FOR IMMEDIATE RELEASE                                                      Contact: Dan Schuster

INDIANAPOLIS, IN (May 19, 2016) — In continuing efforts to minimize the risk of injury and spread concussion awareness in high school ice hockey, specific definitions for direct contact and indirect contact to the head, along with specific penalties for each, have been added to provide clarity. 

These revisions and seven other rules changes were recommended by the National Federation of State High School Associations (NFHS) Ice Hockey Rules Committee at its April 25-26 meeting in Indianapolis. All 2016-17 ice hockey rules changes were subsequently approved by the NFHS Board of Directors.

In its ongoing attempt to minimize the risk of injury in the sport, the Ice Hockey Rules Committee added two new articles to Rule 7-6 to clarify between direct contact and indirect contact to the head. Previously, the rule stated: “No player shall make contact from any direction with an opposing player’s head or neck area in any manner, including, but not limited to, with the shoulder, stick, elbow, etc.”

            Now, Rule 7-6-2 defines direct contact to the head as when the initial force of the contact occurs to the head or neck area, resulting in a flagrant foul. Direct contact carries a major or game disqualification penalty. According to Rule 7-6-3, indirect contact to the head occurs when the initial force of the contact begins below the neck and progresses upward to the head or neck area. Indirect contact carries a minor penalty, unless the contact is flagrant, in which case, a major or game disqualification is assessed.

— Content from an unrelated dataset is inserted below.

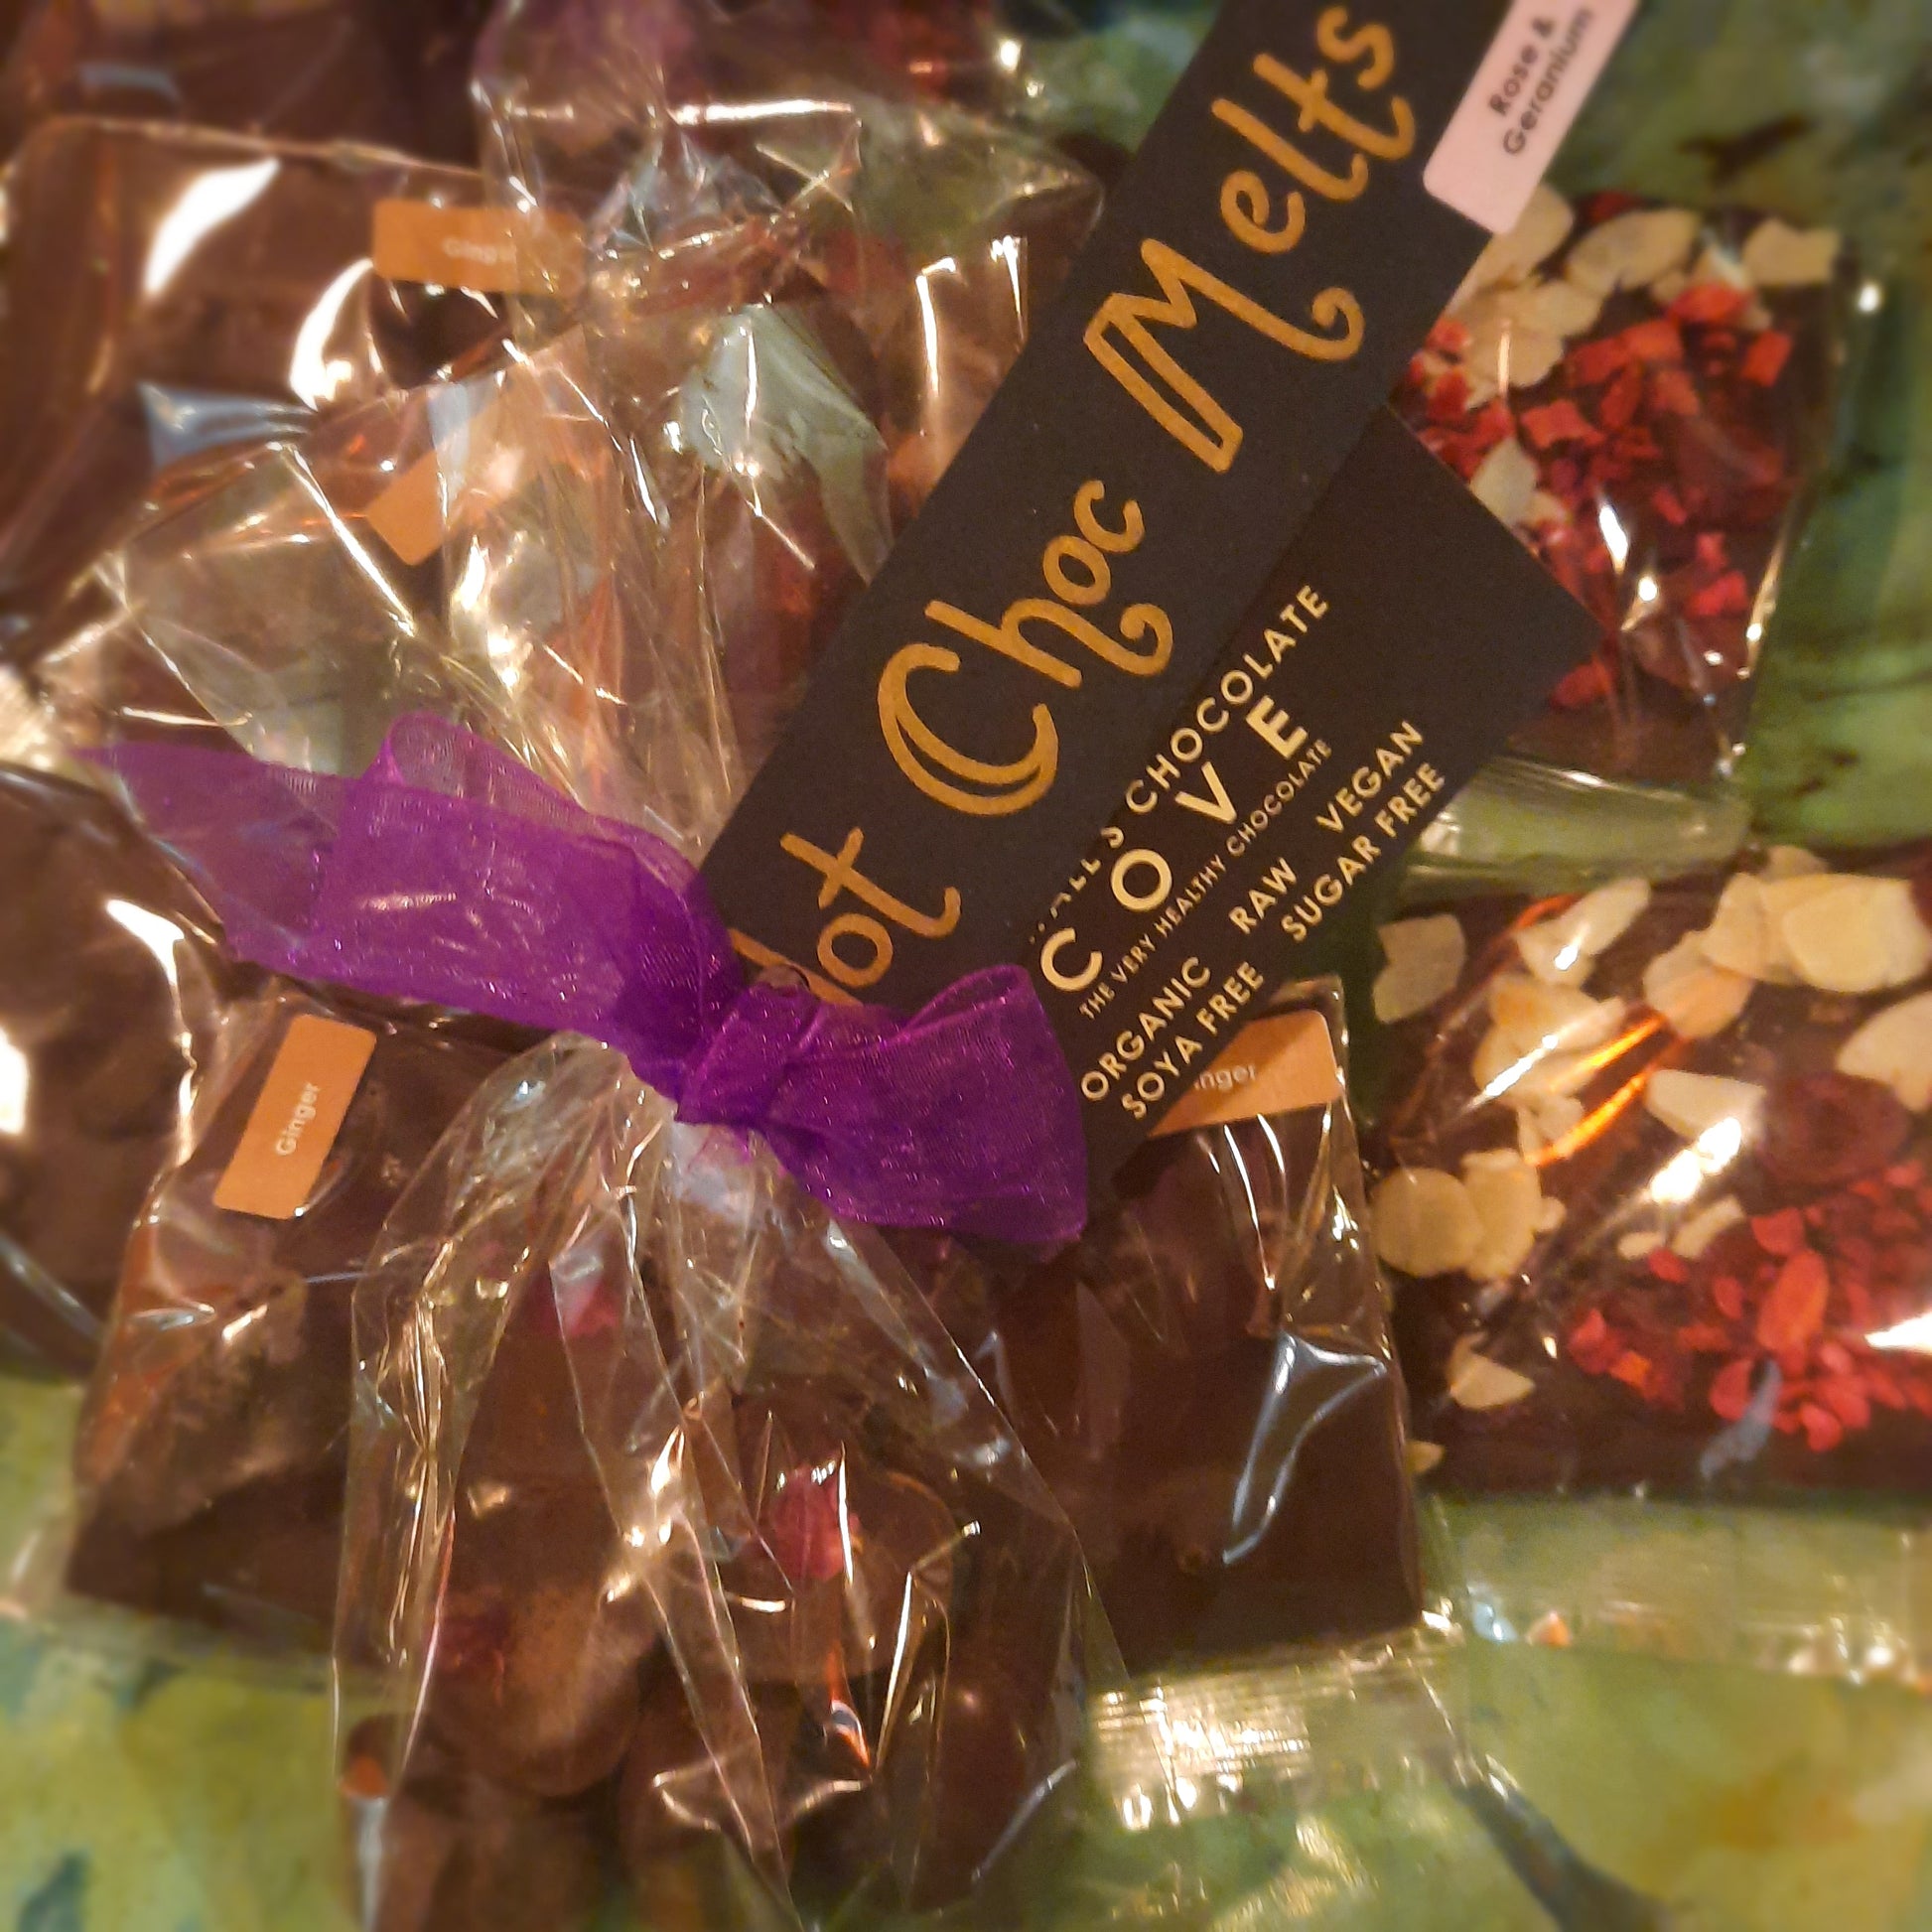 Cornwall's Chocolate Cove plant based, soya, palm oil, cane sugar and gluten free, organic raw chocolate. A selection of chocolatey treats from the shop.

“The change is consistent with the committee’s goal to spread awareness of head injury and concussions,” said Dan Schuster, NFHS director of educational services and liaison to the Ice Hockey Rules Committee. “This change appropriately penalizes players for hits to the head. This will certainly provide clarity for officials, but it will also be a positive for high school hockey and help create a safe playing environment for participants.”

            Language regarding penalty shots in Rule 4-7-3 was revised to include language to address the designation of a replacement player due to injury. The revised rule states if the fouled player is injured, the shot may be taken by any player of the non-offending side who is on the ice when play is stopped.

            In addition, a new article was added to Rule 4-6 regarding major penalties and suspensions. The current wording only refers to players, when the intent of the disqualification penalty is to have the same consequence apply for all participants. The new addition states: “All provisions of Rule 4-6, including the major penalty and suspension, shall apply for a game disqualification assessed to a coach or other team personnel.”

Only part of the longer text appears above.